Market Hall is a Greek Revival-style building consisting of one raised story resting atop a rusticated open ground-level arcade. The building's high base and frontal portico were inspired by Greek and Roman temples such as the Temple of Portunus and Temple of Athena Nike. The portico contains four Roman style Doric columns that support the entablature and pediment, and is accessed by a double flight of stairs with elaborate iron work. The upper floor is scored in an ashlar pattern. The cornice, portico, and Doric capitals are red sandstone, while the triglyphs and moldings are cement. The metopes in the entablature are decorated with alternating bucrania and rams' heads, which are symbols for a meat market. The hall's exterior brick walls are covered with brownstone stucco.
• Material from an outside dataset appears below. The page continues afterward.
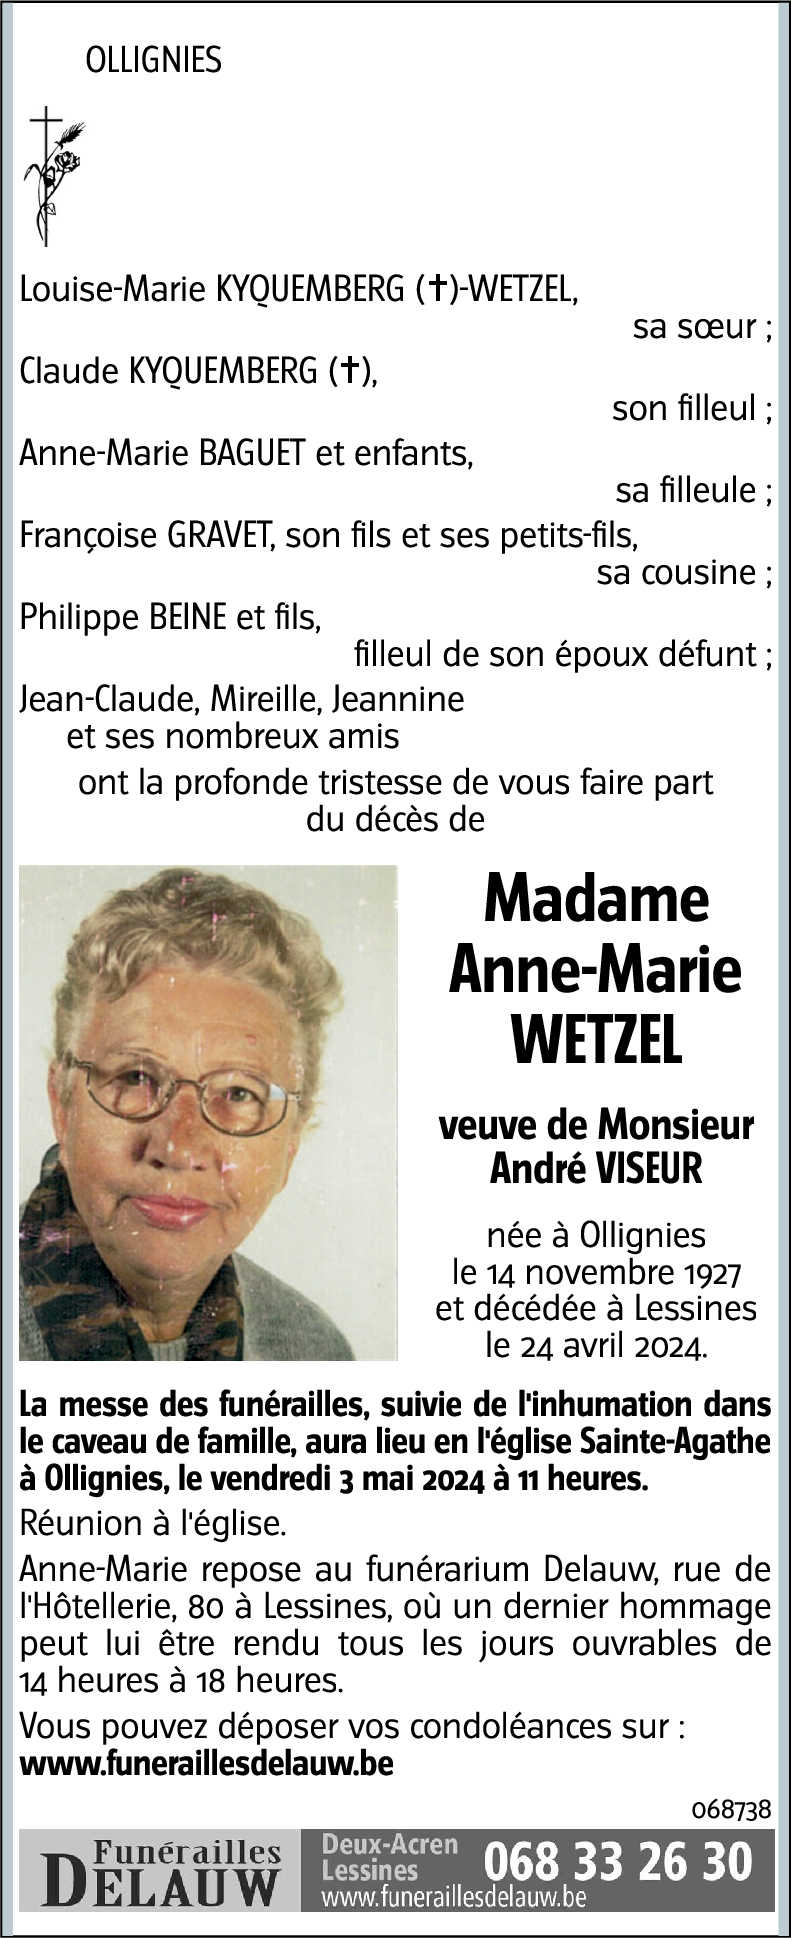 Anne-Marie WETZEL

The City Market stretches for 1240 ft through a continuous series of sheds oriented east–west and flanked by North Market Street on the north side and South Market Street on the south. Market stalls occupy the first story of Market Hall and continue through a one-story shed that stretches from the rear of the hall to Church Street. The second shed stretches from Church to Anson Street, the third from Anson to State Street, and the fourth from State Street to East Bay. The sheds are simple rectangular structures with open stalls and center walkways. Since their completion in the early 19th century, the sheds have been renovated and rebuilt numerous times due to damage from earthquakes, fire, and other disasters.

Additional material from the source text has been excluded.